Thanks guys for the comments. Grant, I really appreciate your enthusiasm for the Destroyer series...it sounds like #4 is a winner. And Griffin, I guess we'll see!!

halojones-fan said...

I wish the guy were still around so that we could show him "Autotune The News" and blow his mind.

It's interesting how many of these stories assumed that the next big US military deployment was going to be in Central and South America. It kind of goes along with the whole "drug pushers are the most evil people ever" that was heavily seen in right-wing fiction of the 70s and 80s (Death wish, Miami vice, lethal weapon, and so on)

tim gueguen said...

It was also the era of civil wars in Nicaragua, Guatemala,and El Salvador, and the invasion of Grenada. Some people were convinced that Latin America was America's vulnerable back door, and that the Soviets had all sorts of plans to exploit this.

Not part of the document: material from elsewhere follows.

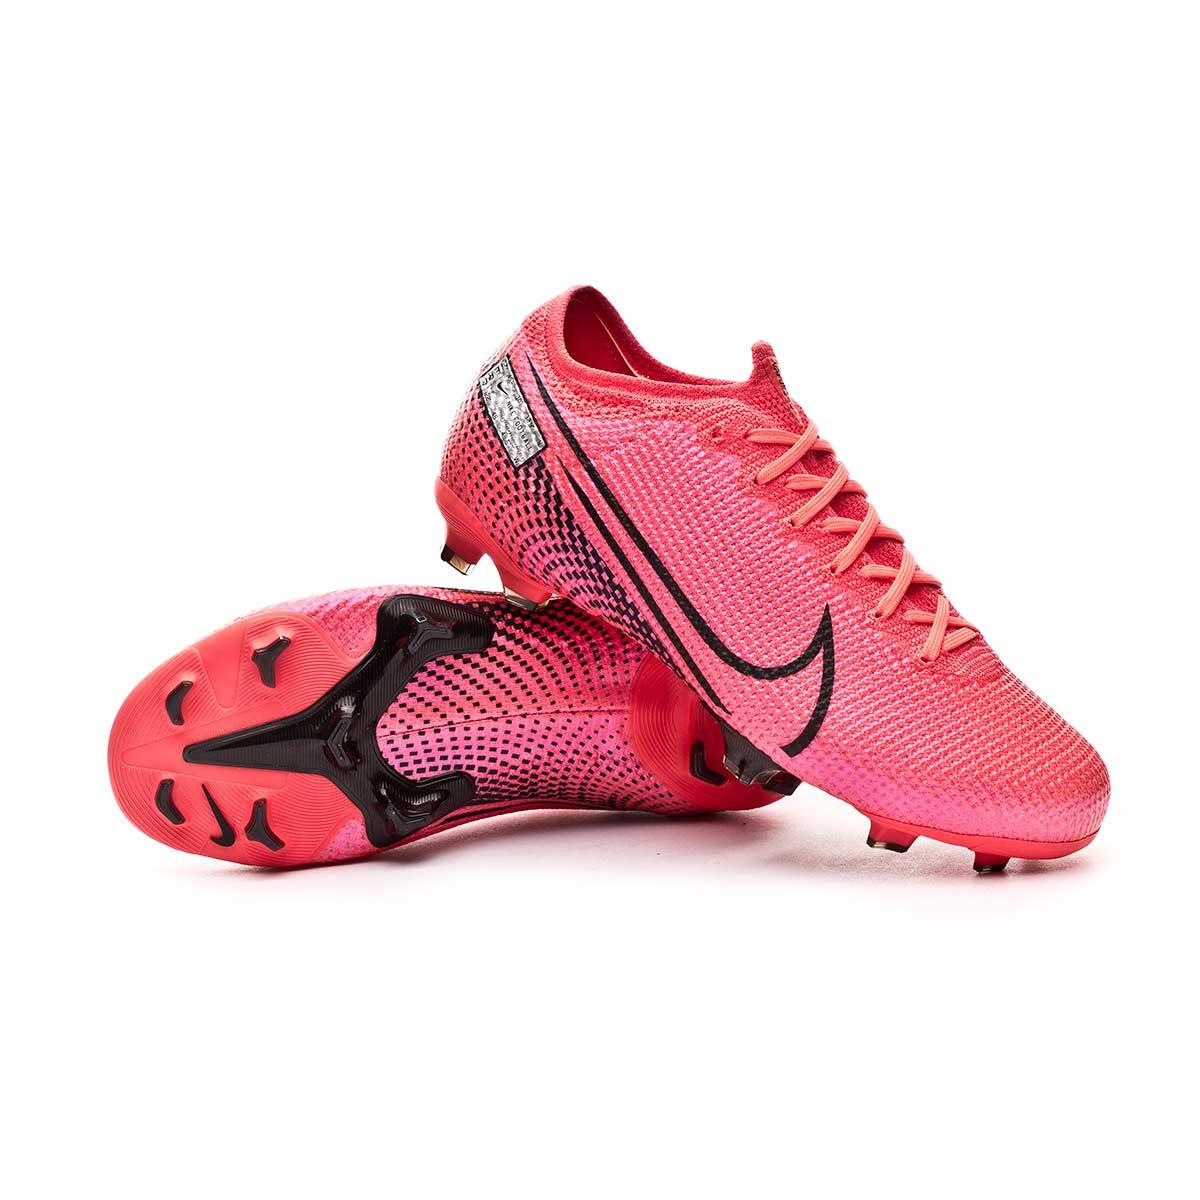 Cheap Nike Vapor 13 Cleats, Fake Nike Mercurial Vapor 13 Boots Sale

You still see a bit of this kind of thinking around, only these days it's people who think Chinese and/or UN troops are hiding in Mexico, waiting to help the evil whoevers take over the US.

john whitesand said...

I got to read this novel as a recommendation, I didn't expect to like it, but it was a good one! I never really read into the political subtlety that the book hinted on. I was more enthralled that it felt like the 80s action flick like Terminator and Predator.